**Task instructions**. Return exactly the lines below, starting with the one that has "A-12 櫃 : 手機搜查官7" and going on through the one that has "Business Worth Living".

Collected data entries:
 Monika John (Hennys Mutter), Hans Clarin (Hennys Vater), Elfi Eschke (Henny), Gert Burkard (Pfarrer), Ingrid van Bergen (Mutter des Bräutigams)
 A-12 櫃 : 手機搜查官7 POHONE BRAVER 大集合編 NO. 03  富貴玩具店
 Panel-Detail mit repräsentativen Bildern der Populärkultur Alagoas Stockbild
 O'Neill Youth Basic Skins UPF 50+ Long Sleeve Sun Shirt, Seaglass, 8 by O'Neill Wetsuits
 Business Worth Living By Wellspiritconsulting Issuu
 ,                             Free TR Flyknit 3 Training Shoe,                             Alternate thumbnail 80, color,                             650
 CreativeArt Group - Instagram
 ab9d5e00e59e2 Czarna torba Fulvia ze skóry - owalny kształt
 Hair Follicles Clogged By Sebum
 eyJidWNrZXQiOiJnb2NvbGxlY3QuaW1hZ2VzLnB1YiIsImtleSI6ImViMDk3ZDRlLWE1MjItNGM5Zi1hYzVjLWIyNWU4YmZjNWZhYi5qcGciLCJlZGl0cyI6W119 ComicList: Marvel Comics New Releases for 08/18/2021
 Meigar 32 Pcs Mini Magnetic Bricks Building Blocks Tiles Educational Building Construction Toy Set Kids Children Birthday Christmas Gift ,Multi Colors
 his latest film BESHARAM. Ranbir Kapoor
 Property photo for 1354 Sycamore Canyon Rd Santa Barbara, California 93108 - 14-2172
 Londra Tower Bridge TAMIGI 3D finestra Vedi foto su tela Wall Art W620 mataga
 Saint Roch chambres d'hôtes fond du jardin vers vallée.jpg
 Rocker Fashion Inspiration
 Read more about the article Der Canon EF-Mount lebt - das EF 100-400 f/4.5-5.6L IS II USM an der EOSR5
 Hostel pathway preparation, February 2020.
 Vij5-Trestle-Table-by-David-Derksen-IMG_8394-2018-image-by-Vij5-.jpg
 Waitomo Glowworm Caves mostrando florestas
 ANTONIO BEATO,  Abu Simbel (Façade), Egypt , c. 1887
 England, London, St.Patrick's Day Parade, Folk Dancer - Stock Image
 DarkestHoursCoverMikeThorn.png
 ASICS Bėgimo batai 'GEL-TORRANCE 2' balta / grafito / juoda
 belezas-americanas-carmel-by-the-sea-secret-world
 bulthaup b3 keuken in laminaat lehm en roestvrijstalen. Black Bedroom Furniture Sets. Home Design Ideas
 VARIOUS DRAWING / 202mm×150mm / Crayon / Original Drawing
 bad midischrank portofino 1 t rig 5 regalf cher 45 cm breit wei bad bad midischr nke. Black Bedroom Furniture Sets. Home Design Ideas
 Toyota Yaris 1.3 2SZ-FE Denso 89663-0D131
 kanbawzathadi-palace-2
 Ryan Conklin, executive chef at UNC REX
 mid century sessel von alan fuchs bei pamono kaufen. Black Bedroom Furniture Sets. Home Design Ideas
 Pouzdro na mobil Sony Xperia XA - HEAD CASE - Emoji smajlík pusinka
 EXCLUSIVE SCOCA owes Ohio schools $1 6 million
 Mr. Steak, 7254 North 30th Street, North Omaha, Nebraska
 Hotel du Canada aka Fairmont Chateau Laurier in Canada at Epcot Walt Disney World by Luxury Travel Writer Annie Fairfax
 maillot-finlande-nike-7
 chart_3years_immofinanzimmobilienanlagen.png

**Written response**.
 A-12 櫃 : 手機搜查官7 POHONE BRAVER 大集合編 NO. 03  富貴玩具店
 Panel-Detail mit repräsentativen Bildern der Populärkultur Alagoas Stockbild
 O'Neill Youth Basic Skins UPF 50+ Long Sleeve Sun Shirt, Seaglass, 8 by O'Neill Wetsuits
 Business Worth Living By Wellspiritconsulting Issuu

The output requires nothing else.